C’è una composizione folle, ben impressa nella memoria di chi l'ha ascoltata, vasta, eccessiva, delirante, esaltante e disperata, che si chiama Symphonie fantastique, di Hector Berlioz. È del 1830. Berlioz, romanticissimo, musicista e critico, in quegli anni si era infatuato della irrequietissima attrice shakespeariana Harriette Simpson, non l’aveva ottenuta e allora si era preso la fidanzata d’un amico, e quando questa si era invece sposata inaspettatamente con un famoso fabbricante di pianoforti era corso da Firenze verso Parigi per ucciderla e uccidersi, però a Nizza ci aveva ripensato ed era tornato indietro ed aveva ricominciato a pensare ad Harriette, fino a conquistarla e sposarla con testimone Liszt. Tanto per dire l'ambiente e il tipo.

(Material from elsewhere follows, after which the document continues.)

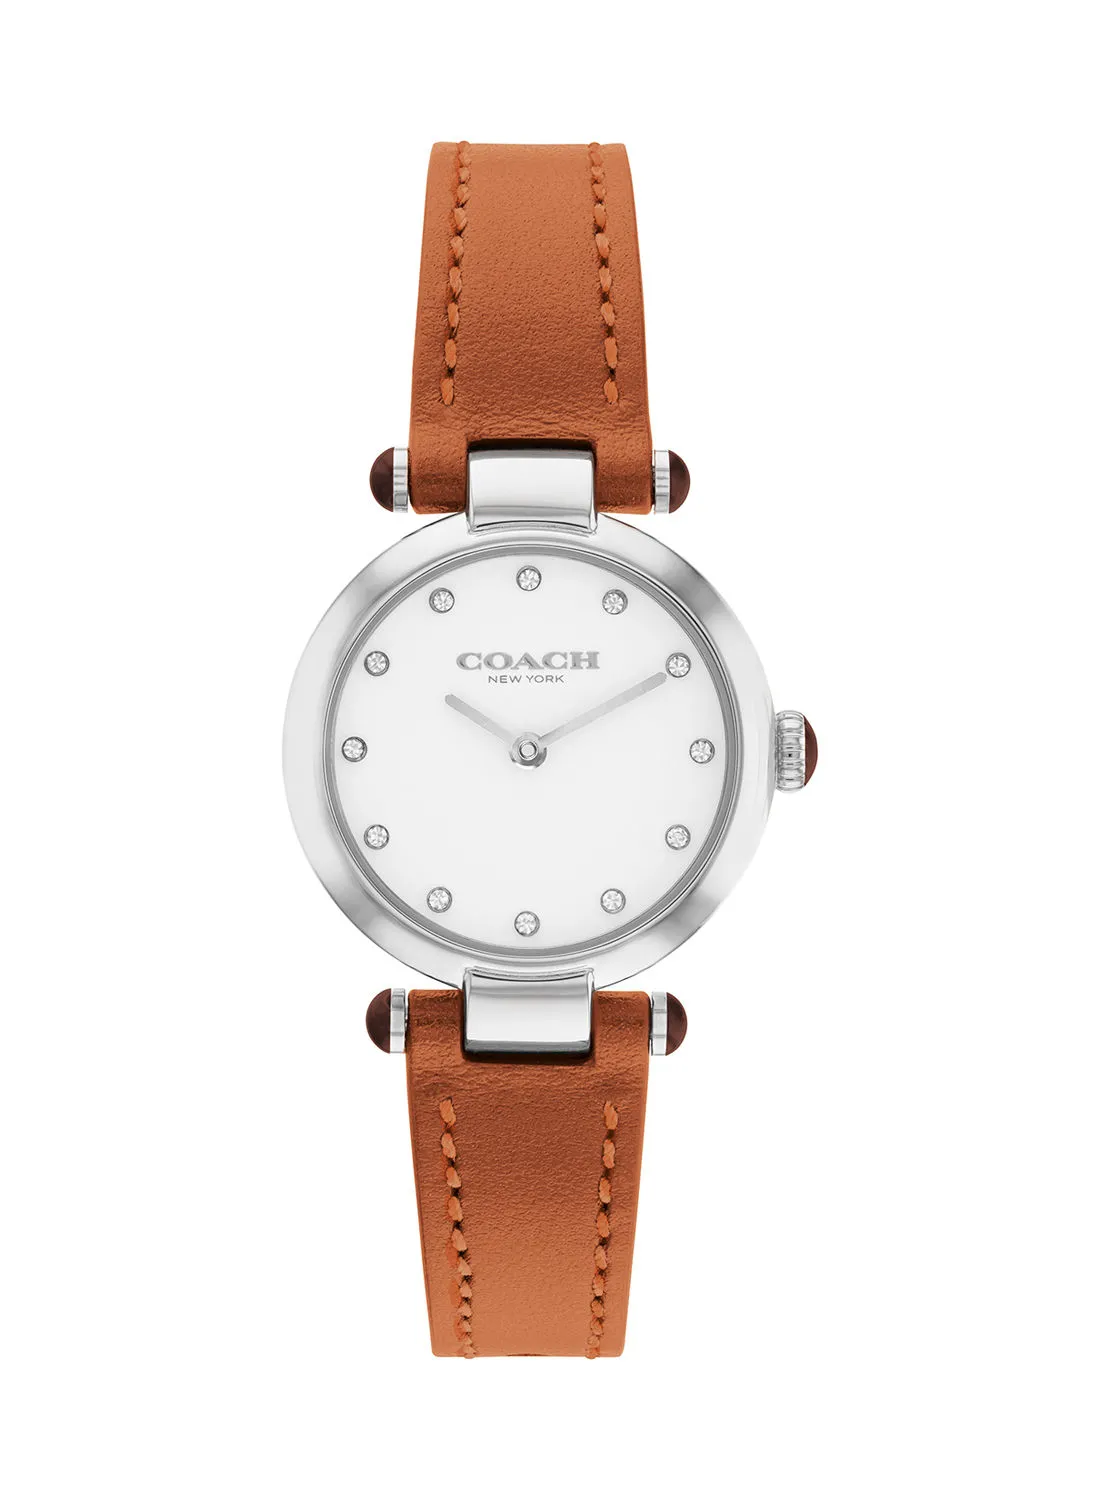 COACH Cary Women's Leather Analog Wrist Watch - 14504016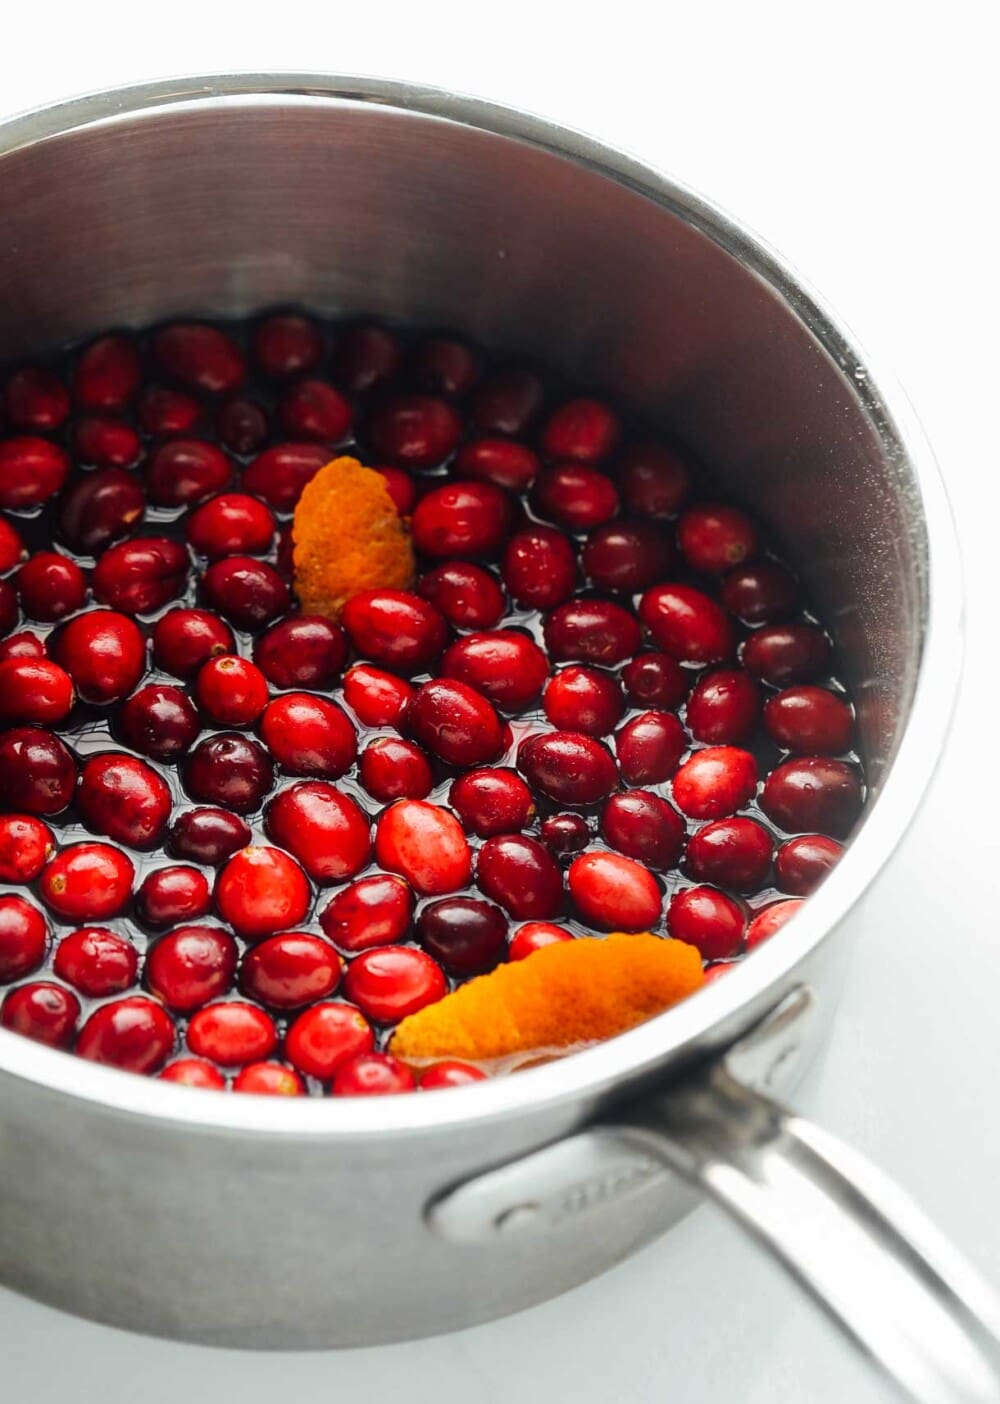 cranberries and orange peel in stainless steel pot

Che tumulto abitasse dentro a lui, si può immaginare, e come le leggi della struttura musicale gli stessero strette; tant’è vero che proprio nella Sinfonia Fantastica inventa una storia basata su emozioni, sensazioni al limite della ragione, evocazioni quasi esoteriche, che culminano in un finale parossistico dove un sabba di fantasmi e di streghe si sovrappone ad un liturgico Dies Irae suonato a pieni fiati. E ci si potrebbe anche aspettare un grande caos, ma non accade: una logica di connessioni visionarie fa germinare ogni episodio, ed anzi ogni battuta, dalla battuta e dall’evento interiore precedente, come se i singoli strumenti in interventi preziosi o tutta la gran massa dell’orchestra scandissero i suoi tempi mentali ed amorosi, gli odii, le frenesie, gli incantamenti, trasformandoli in musica purissima.
E si esegue così, da sola, affascinante pezzo di bravura. Ma Berlioz aveva aggiunto presto una seconda parte, Lélio, un dramma recitato da un attore, che dava conto in prima persona d’una vera autobiografia psicologica: la passione assoluta per Shakespeare, la maledizione alla critica che non capisce Shakespeare e i poeti del teatro e della musica, la voglia di farsi bandito accumulando nefandezze in cinica allegria, il ripensamento mistico e contemplativo della natura, il timore dell’illusione ed il rifugio nella musica, con la creazione abbozzata d’un grande e violento affresco sulla shakespeariana Tempesta. Tutto questo con un paio di cantanti solisti, un coro, e l’orchestra che separatamente o in stupefacente fusione si unisce alla voce. E nelle rare esecuzioni delle due creazioni unite, tra cui memorabile quella di Boulez con recitante Barrault, si aveva come un prolungamento doloroso, spasmodico, teso ad una nobile purificazione.
Con Riccardo Muti e le mirabili orchestre giovanili Cherubini e di Fiesole, il raffinatissimo tenore Zefferi, il convincentissimo baritono Franck Ferrari, il pianista Restani e il civilissimo coro giovanile dell'Opera di Vienna, e la presenza del mitico e amatissimo attore Gérard Depardieu, a Ravenna in Festival, si è andati oltre. Muti ha cercato la simultaneità della spaziosa e profetica vena ottocentesca di Berlioz con la sua radice affondata nei classici, da Gluck a Cherubini; Depardieu la grande declamazione tragica francese, mai enfatica, ma come rapita in un sogno di musica, con la libertà negli eccessi e la segreta ironia che li rende autentici. Lélio è parso non solo il compimento, ma la lettura critica, la misura, la rivelazione della Sinfonia. Ogni parola, ogni momento di Lélio faceva crescere non solo l’emozione, ma anche la memoria della sinfonia appena udita, saldandosi con impressionante pienezza. Per forza ci son state acclamazioni finali. Abbiamo vissuto da comprotagonisti l’evento straordinario d'un atto creativo che piega il tempo a specchio incandescente di se stesso.